Ready to be wowed! My daughter and I managed to carve out a space in the mass of humanity in front of the long counter for ordering, after entering the establishment and getting a ticket, for what, we didn’t know; nor did I hear, for the excessive noise, the explanation for it, when I asked. At some point, though, while looking at the menu on the wall, over the heads of the sandwich makers, and at the same time trying to figure out if I even wanted to muscle my way to the counter, with a small child in tow, I heard one of the sandwich makers yell to the crowd that was packing ever tighter between the front door and the counter: “Get in line!” Or he may have barked, “Find a line!”

We did, and with my daughter now in my arms, 15 minutes, or so, later, just as we were shifting a couple of inches to one side to let the person who had just ordered and received his sandwiches make his way away from the counter and through the crowd that was several people deep, another person slid in front of us and began to order. This because we shifted to the right instead of to the left. She knew full well we were next “in line,” but pulled a fast one. Of course, after ordering she turned to us and apologized. If you like disorderliness, Katz’s Delicatessen is where you want to go.

Part of the attraction to Katz’s Deli is watching the sandwich maker make your sandwich. Oh! And the pickles. Indeed, it’s nice to see the corned beef get sliced by hand for your sandwich. And Katz’s Deli does pile it high onto your sandwich. Though again, the sandwich is not as over-the-top as what is claimed on the menu: “Ours [sandwiches] are the largest and best you’ll ever have…We dare you to finish one.”

I had no intention of finishing the sandwich, in the first place, since my wife and I had earlier agreed to split it. However, if I were hungry enough, I certainly could finish the sandwich Katz’s Delicatessen is claiming is so large. Though, it is large enough for two persons to share and be satisfied.

And that’s about what I was with Katz’s Delicatessen: satisfied. No more, and no less. I was satisfied in that I fulfilled my wife’s specific request for a sandwich. I was satisfied they threw in several pickles, of both varieties, with my, near, $16 dollar sandwich. I was satisfied with not wanting to find a seat to eat my half of the sandwich. And I was satisfied when leaving the place, not having to fight the crowd anymore. The sandwich? I was satisfied. No more, no less. I’ve had better corned beef, for sure.

Katz’s Delicatessen

1 Star

205 E. Houston St. (corner of Ludlow St.), 212.254.2246, Katz’s Delicatessen

Atmosphere: A large rectangular dining area, including the deli counter, and with walls filled with pictures of famous persons that have frequented the place; large and small communal tables fixed close together.

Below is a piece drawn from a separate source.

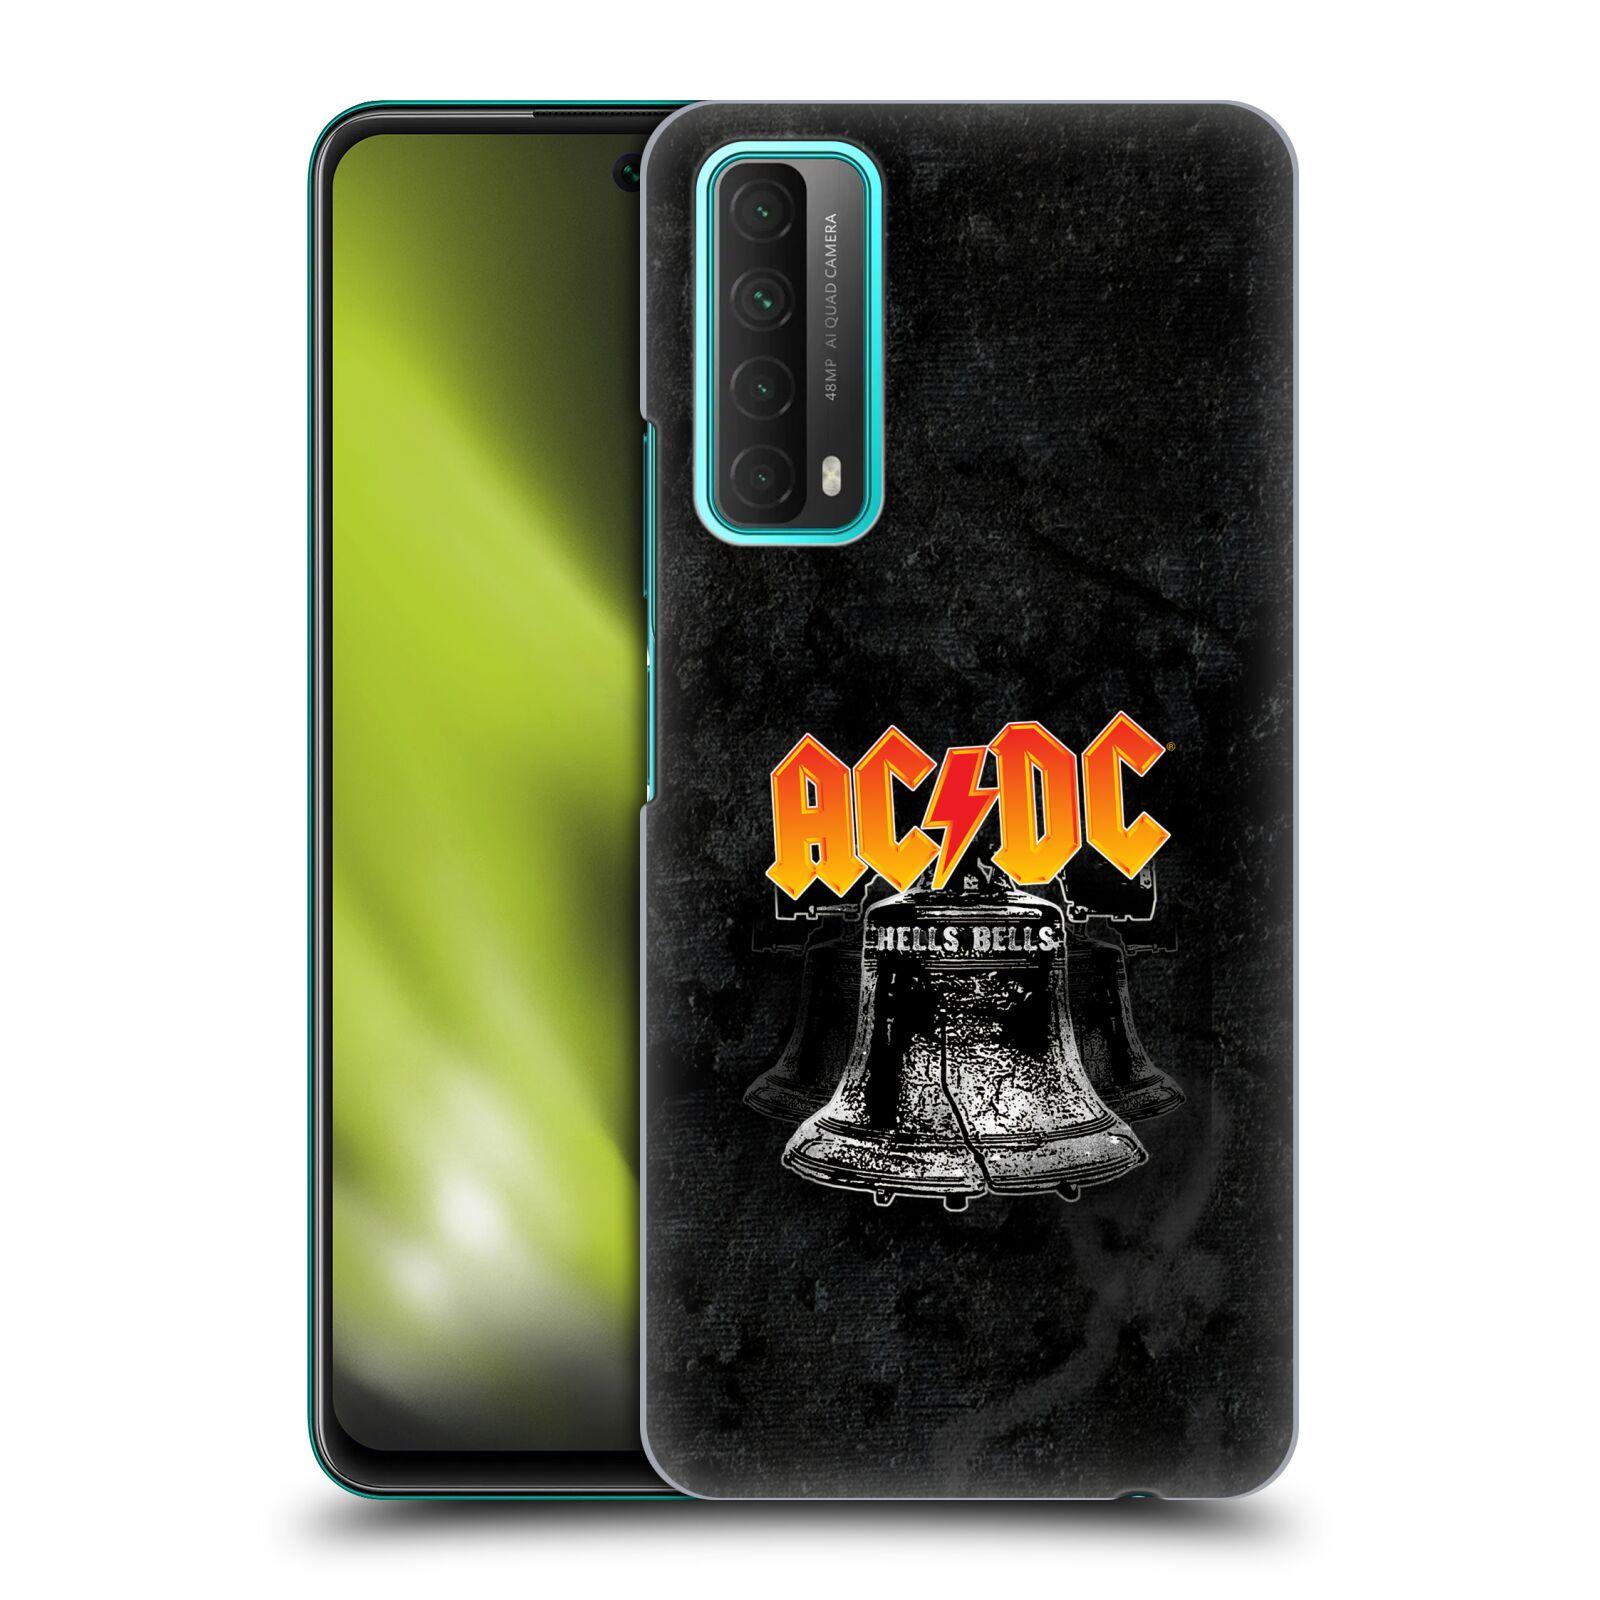 Plastové pouzdro na mobil Huawei P Smart (2021) - Head Case - AC/DC Hells Bells
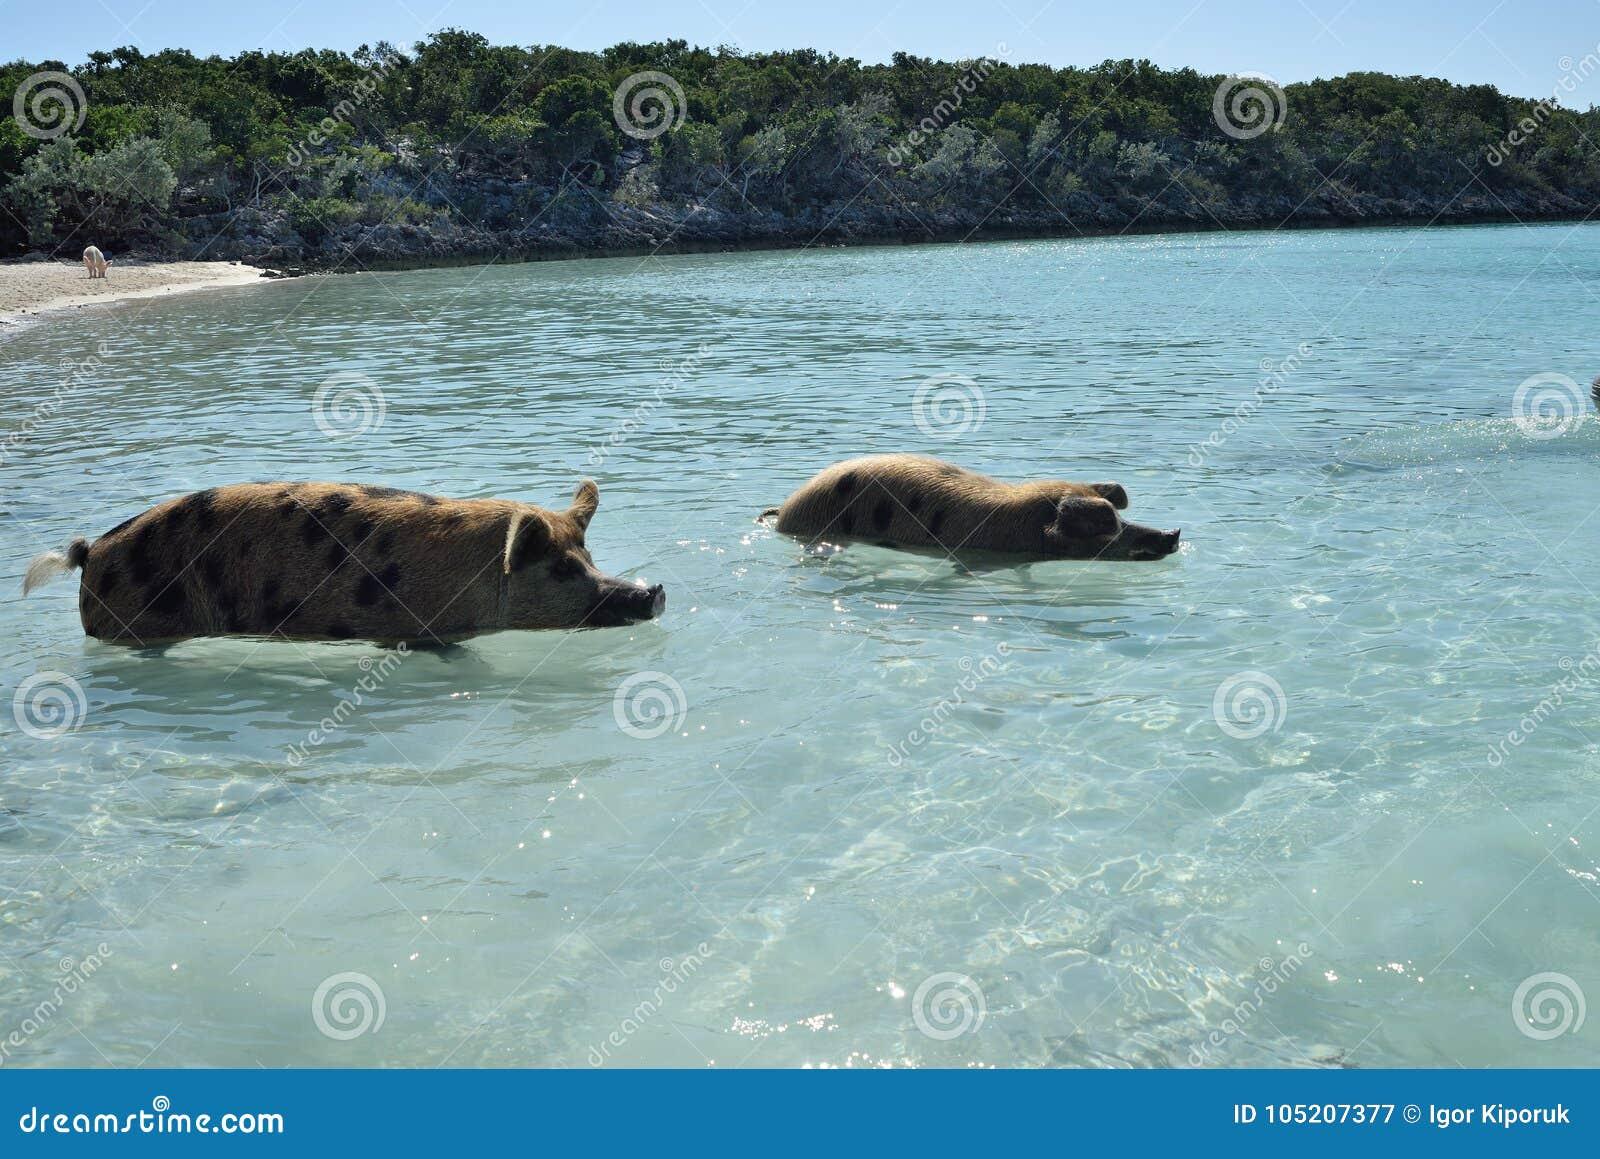 Pig beach  stock image  Image of tourists, exuma, bank

Sound Level: Very loud, with conversations overdubbing one another; one has to intensely focus on listening and speaking to another person.

Recommended: Avoid the madness, by going during off-eating times. Try the pastrami. I hear it’s the best thing on the menu.

What The Stars Mean: Very similar to The New York Times, the stars reflect my reaction to the food, ambiance, and service, taking price into consideration. Zero stars is the lowest rating, while four stars is the highest.